— О, Уляна моя, — сказал он ей тихо, очарованный ее взглядом, — той любви, о которой ты слышала, этой сладкой любви, довольно видеть любимую особу, довольно коснуться ее руки, довольно коснуться ее уст.
Уляна, чувствуя, как он взял ее за руку, в замешательстве взглянула на него с улыбкой. В этом взгляде был испуг и почти уступка, но уступка из страха, без размышлений. Тадеуш заметил это и опустил руку, до которой только что дотронулся, и уставил на нее глаза. Прикосновение жесткой мозолистой руки, которая не умела задрожать, могло бы разочаровать его. Она уже опустила глаза, почувствовала, несмотря на свою простоту, сколько было в его взгляде страстного, страшного, какая буря бушевала под его улыбкой.
— Хочешь ты так любить меня? — спросил он через минуту.
— Я? О, барин, разве это возможно? Я бедная; но…
— Но, что же?
— Можно сказать откровенно?
— Откровенно, и как можно откровеннее.
— Откровенно… Я не знаю, — ответила она, закрывая глаза, — вы меня околдовали, со мной делается что-то, чего не было никогда в жизни.
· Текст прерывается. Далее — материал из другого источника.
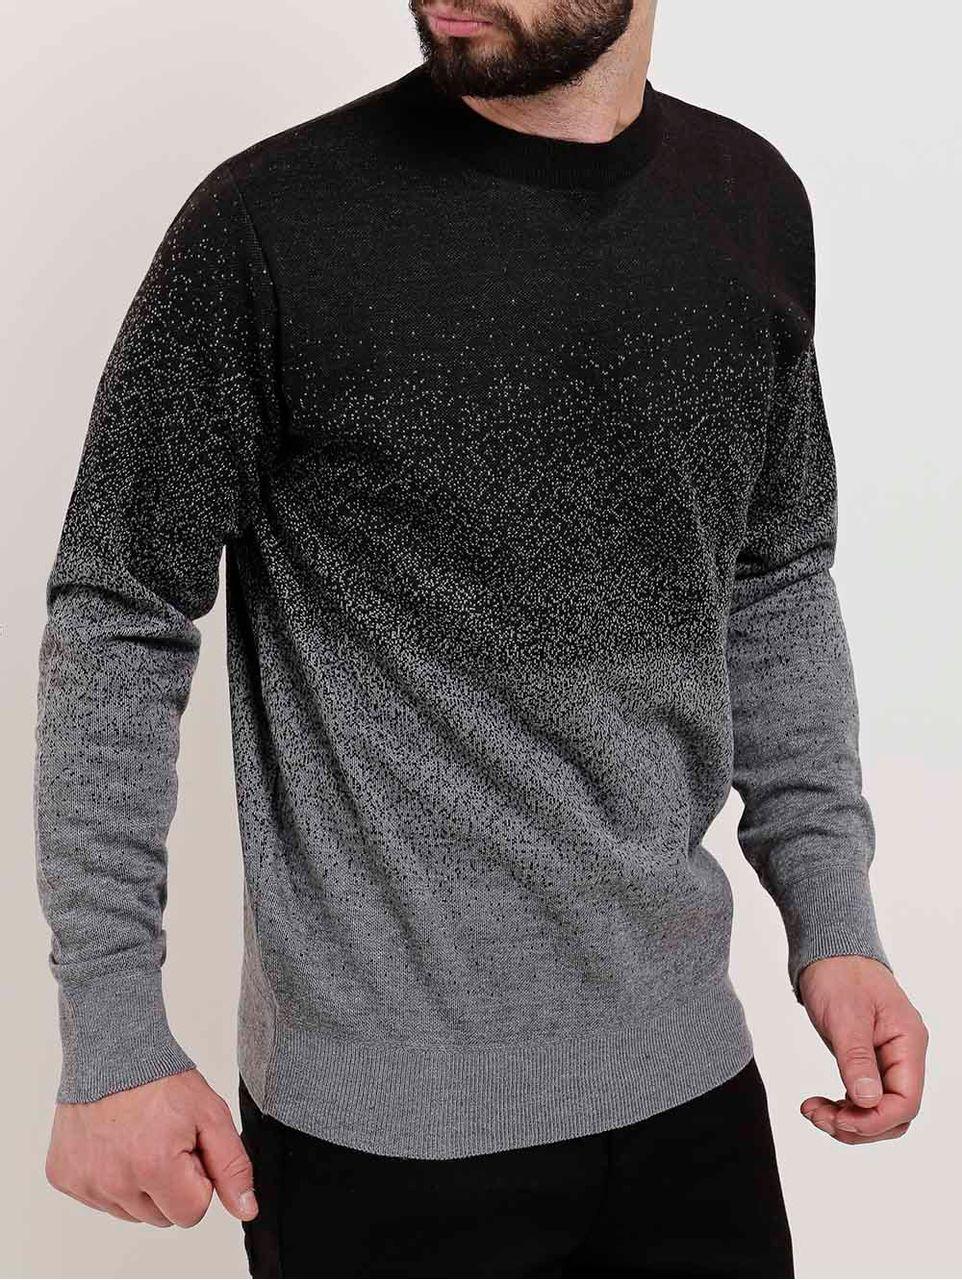 Blusão Masculino Preto/cinza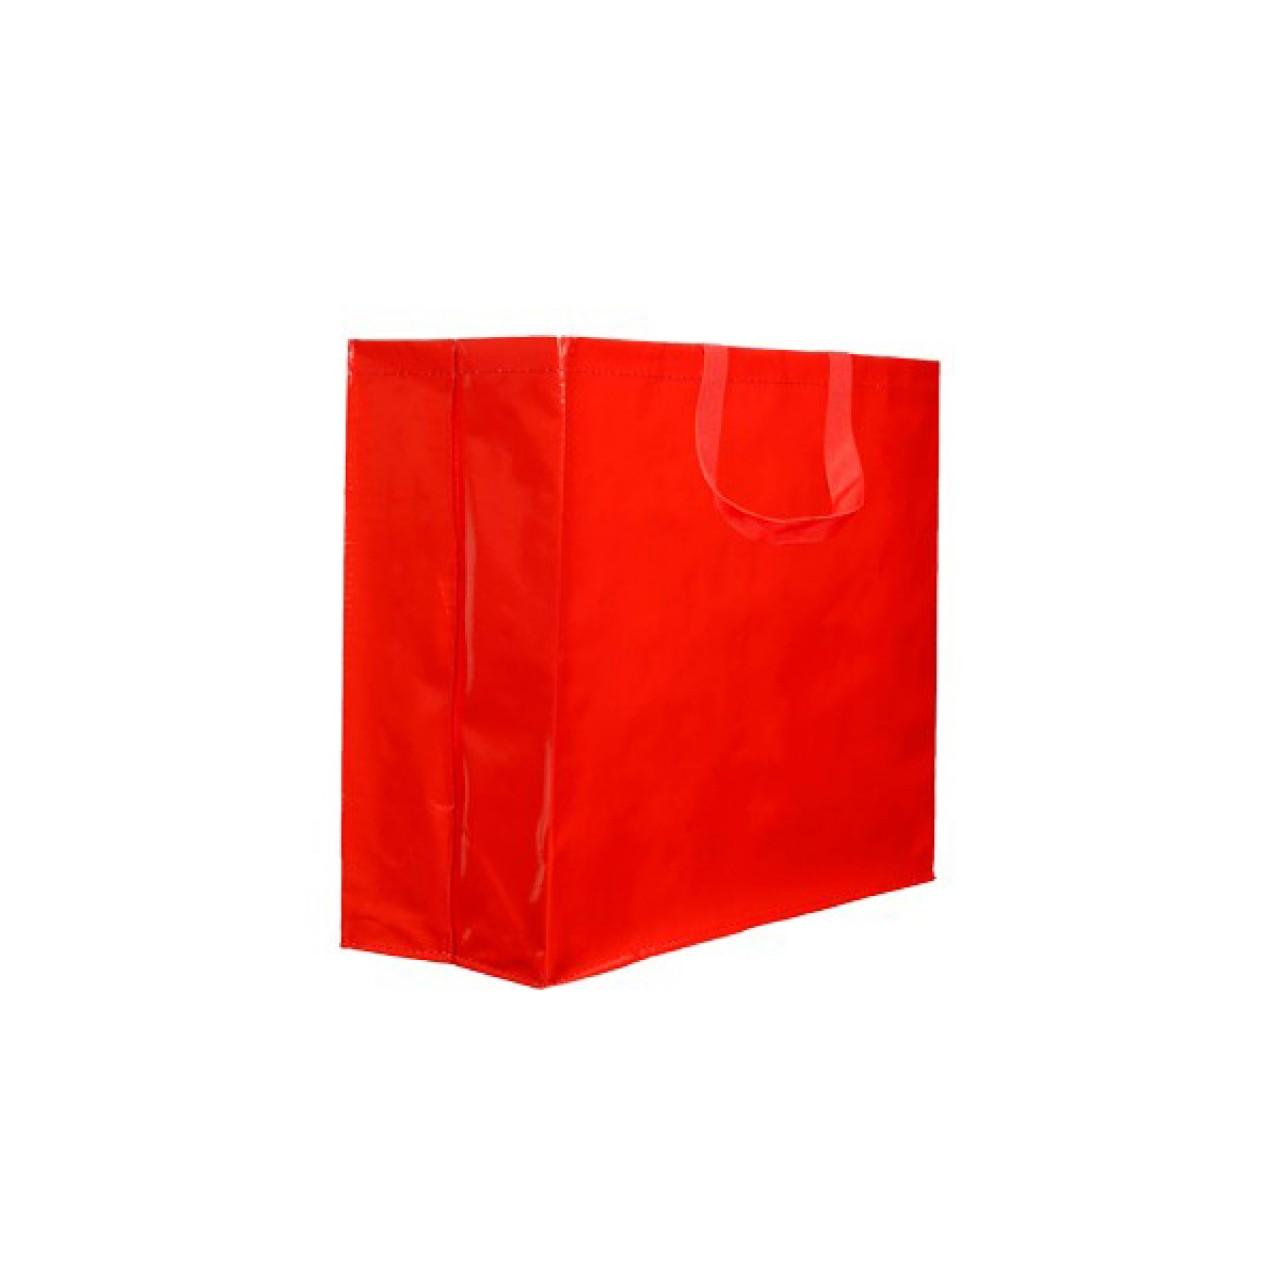 Shopping Bag UBAG ORLANDO Κόκκινη - 3308

Кажется мне, что я пробуждаюсь, что меня когда-то давно любил кто-то точно так же, что я не жена Гончара. Жена Гончара! — повторила она, вздыхая. — Бедная я! Крест на мне… С двумя детьми… Из бедной избы… И разве бы вы могли полюбить такую ничтожную? А муж?..
— О, тут совсем другое… — сказал Тадеуш с принужденной улыбкой.
— Другое?.. И такая любовь не грех? — спросила она наивно.
— О, конечно, не грех. Так будешь любить меня, Уляна?
— Как знать, как знать? Со мной делается только что-то непонятное, как-то грустно, приятно, страшно; я уже боюсь, чтобы вы меня не бросили… Страшно подумать о завтрашнем дне. Да и вас самих мне что-то страшно.
— Чего же меня тебе бояться? Я тебя так люблю.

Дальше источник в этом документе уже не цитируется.